# I prefer to earn my one stars



## nickd8775 (Jul 12, 2015)

If I know I'm getting a 1 star for a trip, then I'd provide 1 star service. 
I start a trip and 3 people get in. They ask me to wait for their friends. Right away by saying "friends" I know there will be at least 1 too many. Sure enough, 2 girls get in. Since I started the trip, I know a 1 star is coming if I kick one out, so I chose to kick them all out. I said "Get the f*** out of my car NOW". Then ended the trip and earned my 1 star. Or so I thought, because my rating didn't drop. They must have requested another ride before they got the opportunity to rate me. Oh it felt so good to yell at those cheapskates to GTFO rather than take 4 and get a 1 star anyway.


----------



## Fauxknight (Aug 12, 2014)

You said you start trip and 3 people get in, usually 3 people get in and then you start the trip. I hope it was in that order.

You handled the situation poorly:
1. You did not confirm all the riders before starting the ride.
2. You did not politely inform them that you could not take more than 4 pax.
3. You cussed out the pax.

Number 1 I will admit that am occasionally guilty of, but never of starting the meter before I think everyone is in the vehicle, unless it's that super rare pax that asks me to start the meter early.


----------



## nickd8775 (Jul 12, 2015)

The 3 people were outside and they confirmed I'm their driver. They got in and I thought it was just them. They were drunk college kids going home from a bar, the type of people who would give me 1 star for not fitting 5 people. 
So if I'm going to get a 1 star anyway, I wanted to truly provide 1 star service.


----------



## Txponygirl (Oct 4, 2015)

I had a similar experience this past weekend. College game, but the wait time to get to your pax is ridiculous, so I try to avoid taking people to the game, but I will pick them up. This is my personal choice, so don't knock me for that. So the game was over and I accepted a ride knowing it would be a long wait, but most of these folks stay in hotels that are a distance away and usually worth the wait. Well, luckily they found me before I found them as I was stuck in traffic. Needless to say, when the pax knocked politely on my window, they said we found you and thank God as this was a 50K packed game. They had 6 paxs but my car only holds 4. As they start getting in I politely say, sorry but I can only take 4 of you. They decided who would ride with me, so they had 3 ride with me and 3 get another ride. There was no harsh words or even an ounce of being upset about it. Once they settled in and all seat belts were buckled I started the trip. It was a very long wait time to get them to their destination, but I know they rated me a 4 or 5 as my rating went up for this week. If they would have rated me a 3 or lower my ratings would have tanked. Only once did I take 5 people in my car, but decided after that, to just be polite and tell them that only 4 can ride. They can cancel or I can cancel and ratings are not effected. These people were very nice and glad that they even got a ride as it was raining as well.


----------



## UberXTampa (Nov 20, 2014)

Never get confrontational.
You said they were drunk. What if one or more of them snapped and you found yourself in a pickle?

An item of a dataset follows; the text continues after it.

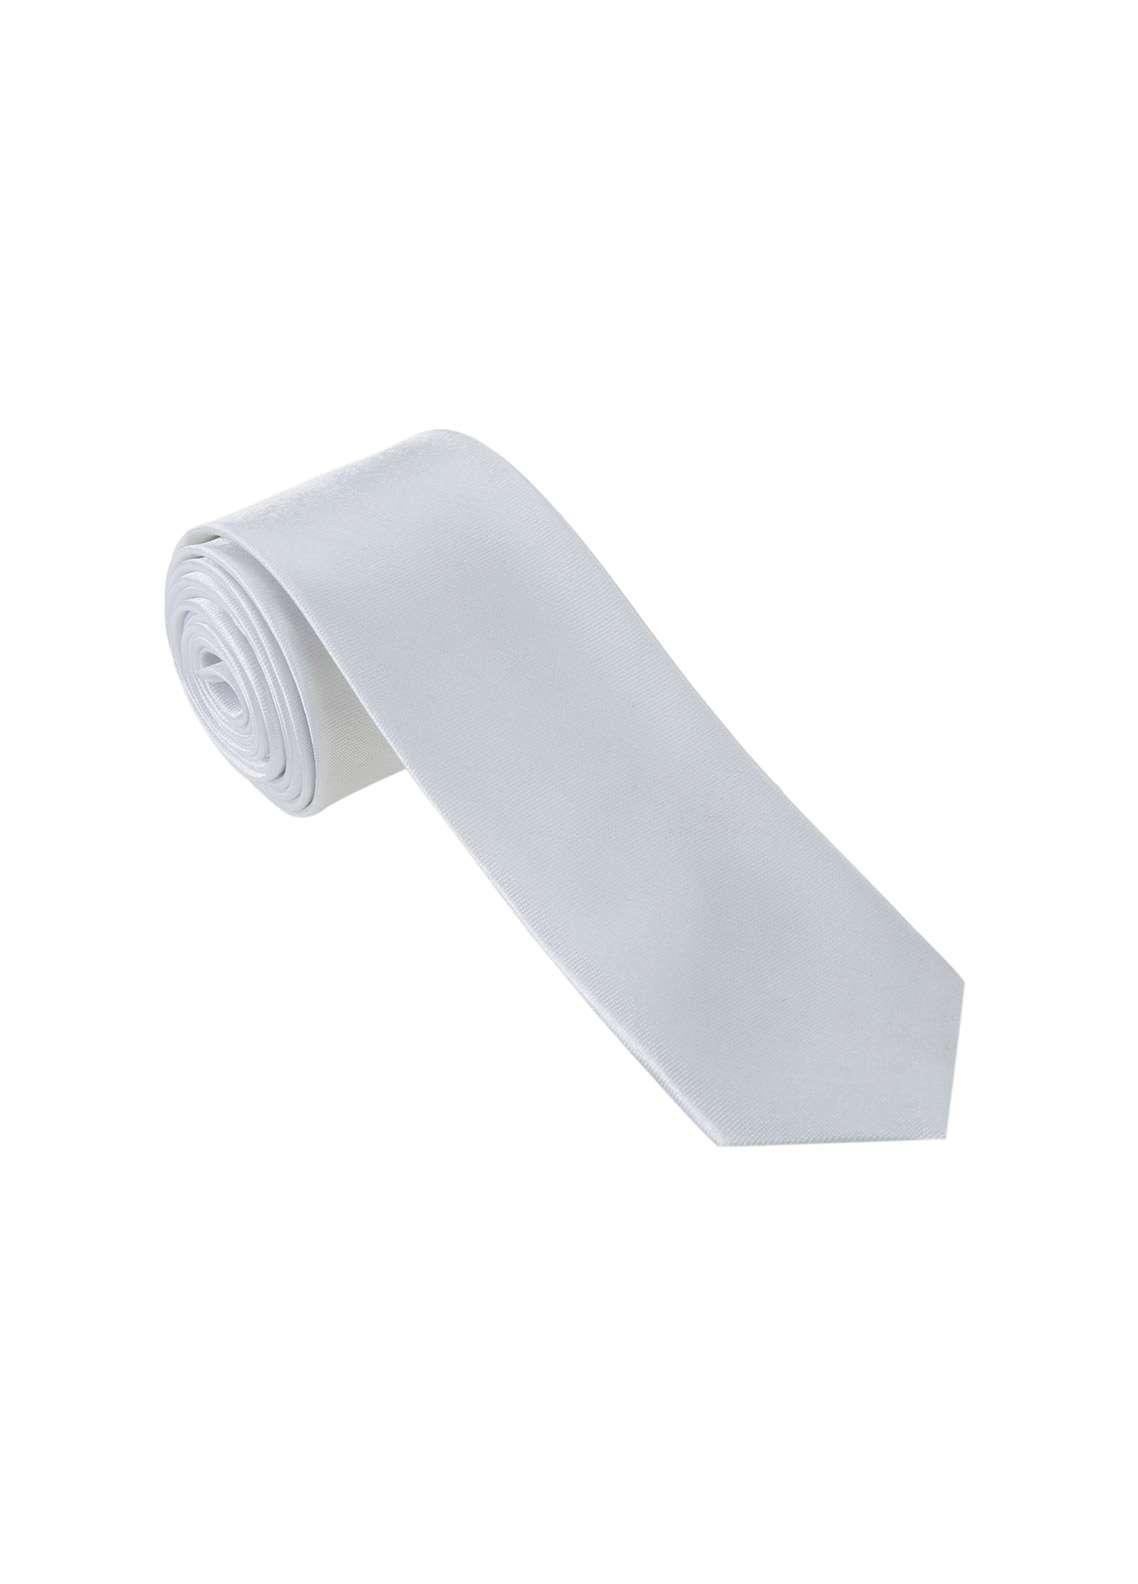 The Gentlemen's Club White Plain Silk Men's Ties

I would have informed them politely that it was illegal to take more than available seat belts. 
If less people agree to ride, take them, 1 star their ass at the end of the trip. 

No need to have a confrontational language. It can escalate quickly into a fight.


----------



## elelegido (Sep 24, 2014)

nickd8775 said:


> The 3 people were outside and they confirmed I'm their driver. They got in and I thought it was just them. They were drunk college kids going home from a bar, the type of people who would give me 1 star for not fitting 5 people.
> So if I'm going to get a 1 star anyway, I wanted to truly provide 1 star service.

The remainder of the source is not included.